Or, if they do, they might take Hemingway’s way out and “just not
think about it.” Mature poets constructing their legacy in a selected
works oftentimes do think about it. As citizens of the universe, their
very different conclusions read as logical consequences of a developing
physic and metaphysic that set up an interesting contrast
between these two highly-visible poets. What’s more, reading these
books in light of one another (e.g., intertextually) gives us reason to
consider how histories get told and how the poet of witness tells a
history quite different from the one told by the lyric poet.

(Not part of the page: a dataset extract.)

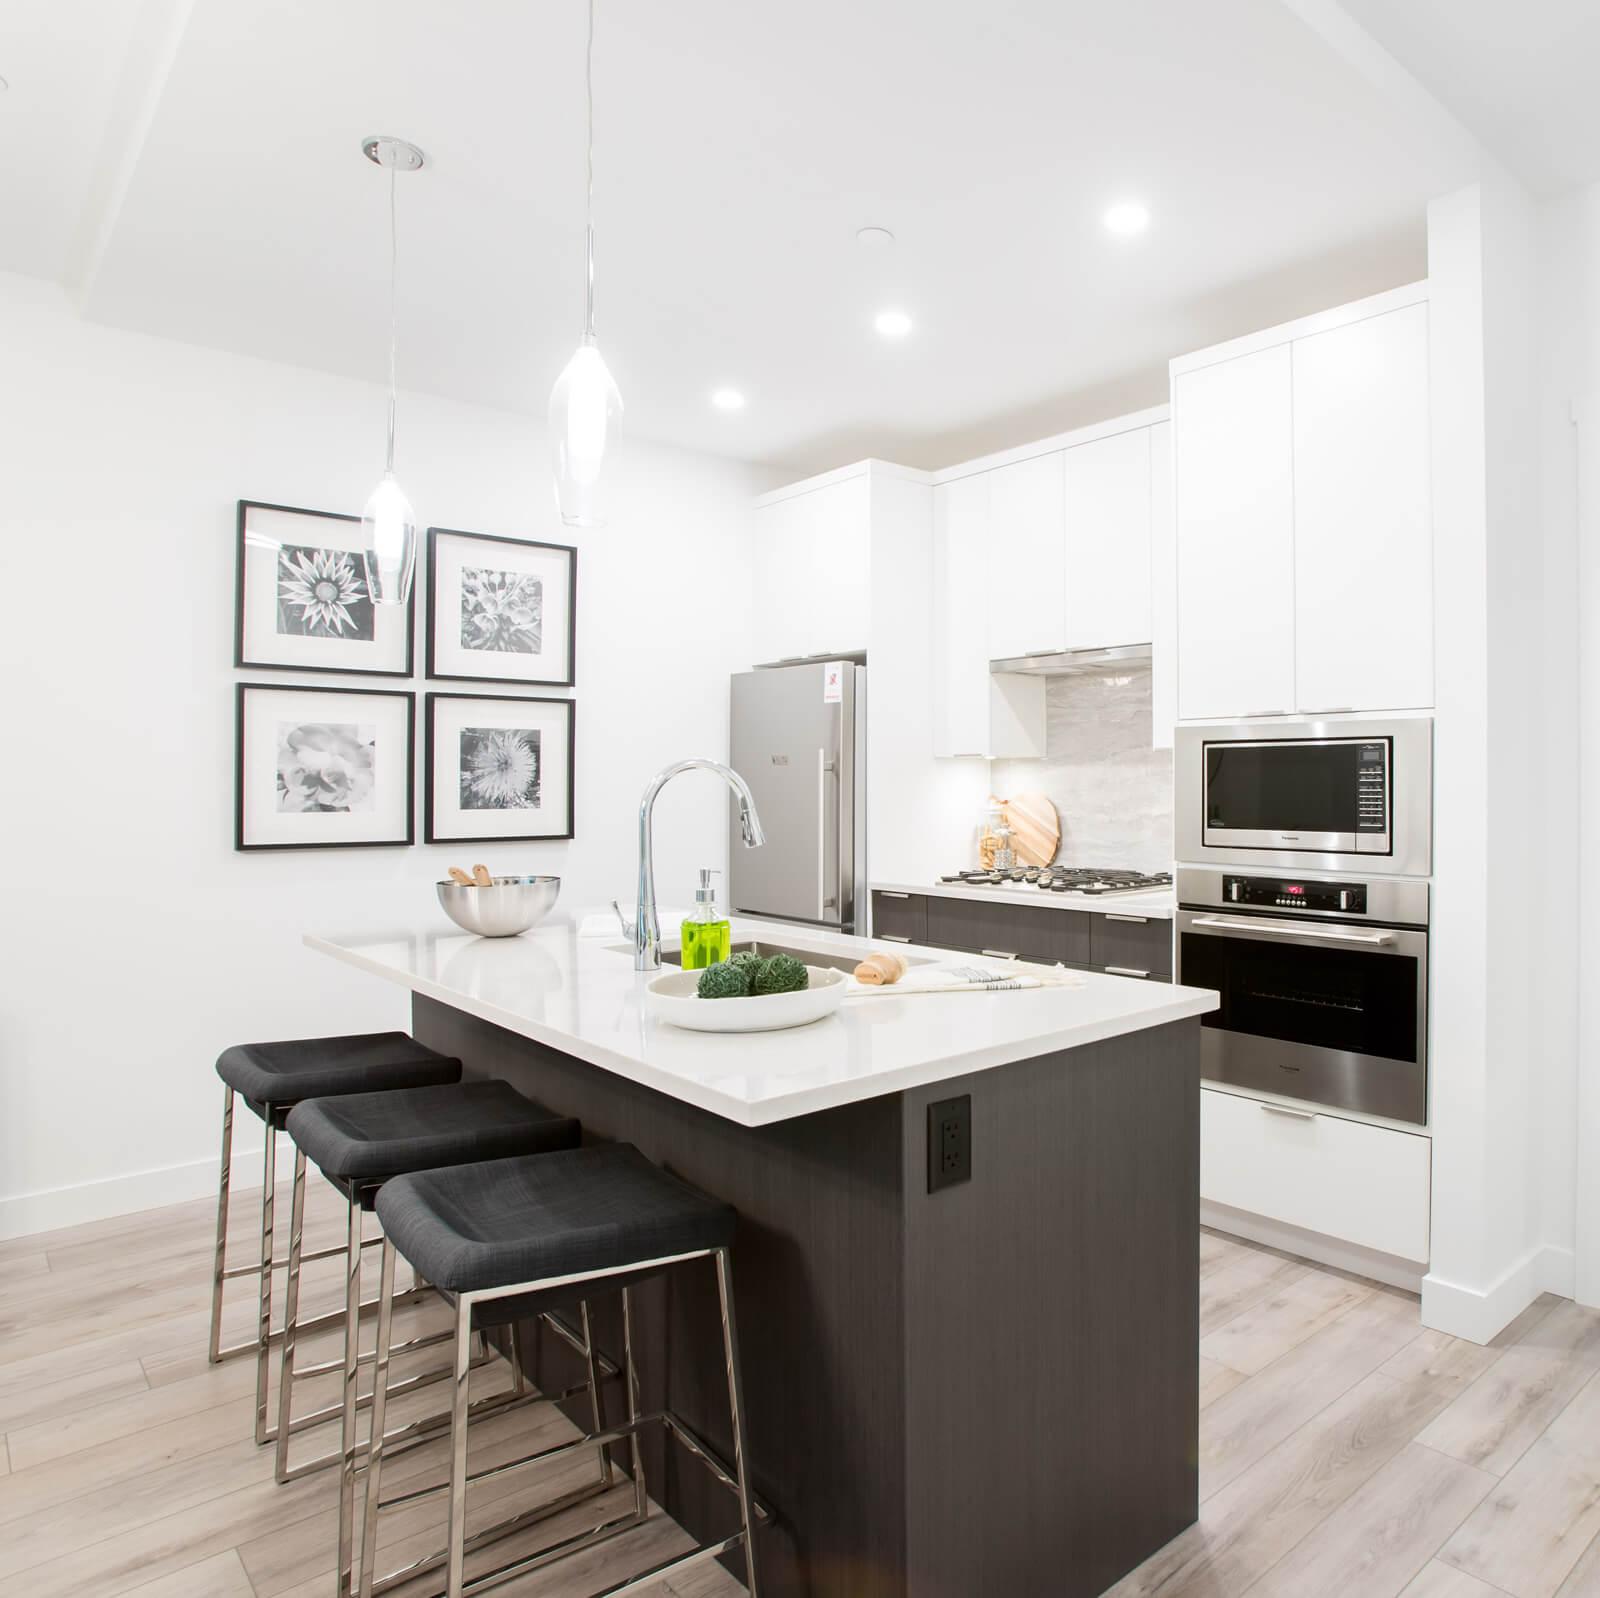 https://mk0highpointeaf8ie02.kinstacdn.com/wp-content/uploads/2019/07/Model-kitchen.jpg

Cardenal’s poetry, throughout his productive career, has been a
poetry of witness to the ongoing political unrest in his native
Nicaragua. He comes early to see the Platonic connection between
temporal revolution and the condition of his soul, and his most
recent poems work out the details of this view. One must rebel
against oppressive forces, even at the cost of one’s physical existence,
if the ultimate goal is to save one’s soul. Eventually this view
comes to be the substance of his religion and thereafter the basis
for behavior supported by the scientific study of the physical universe:
“let quantum physics explain” (214), he writes.

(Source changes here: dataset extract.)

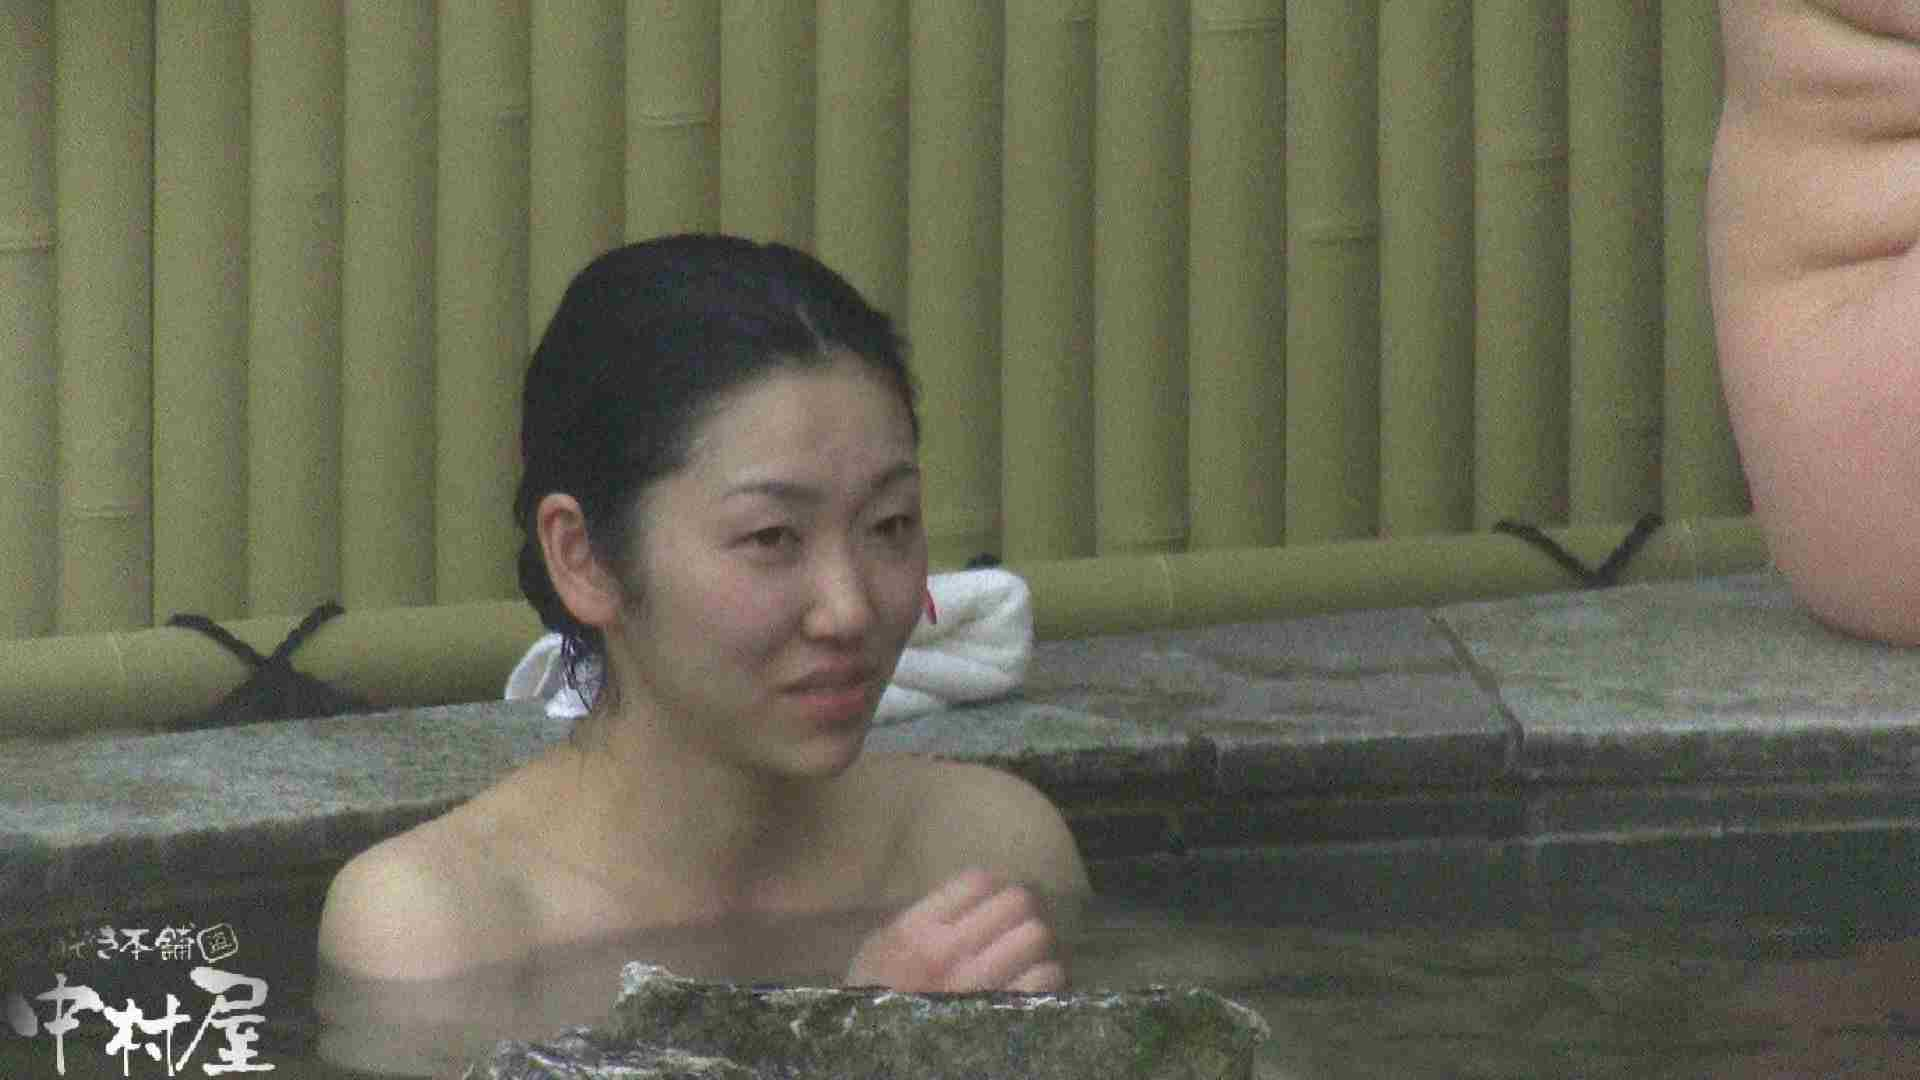 Aquaな露天風呂Vol.917 盗撮シリーズ   露天風呂編  108PIX 51

Needless to say, this is very complicated and philosophical material.
Saying so is to assert the belief implied in this short essay that, most
often, argumentation—the heart of rhetoric—is least comfortable
when it must do the work of poetry. Such an assertion does not
hold in this collection though. Cardenal's use of Ezra Pound’s aesthetic,
exteriorismo, enables Cardenal to reach these interlocking
insights. A poet of witness is, in a sense, the historian of the
moment, the one who has been chosen by the events around him to
make an objective record of the sort we most often associate with
Pound’s poetic principle regarding imagism, in which he calls for
“direct treatment of the ‘thing.’” To truly witness, Cardenal names
names, identifies places, and collects and studies effects, thereby
working inductively, scientifically. But as witness he must do so with
a difference: he places political and economic blame, shows place as
commodity, and hypothesizes causes. In short, his poems make a
record of what occurred, and the poet’s most difficult task is to
achieve credibility, to appear objective. Cardenal establishes himself
as a credible narrator by not withholding anything. The saintly
Cardenal is so committed to his cause that he even agreed to learn
how to aim a weapon at a human being and pull the trigger: “I
learned to handle a Rising machine gun” (60), he confesses in “Zero
Hour.” He was a revolutionary as well as a poet, a poet as well as a
priest. In his poems he searches for the ways the revolutionary’s
cause connects with—indeed, is reinforced by—the priest’s beliefs.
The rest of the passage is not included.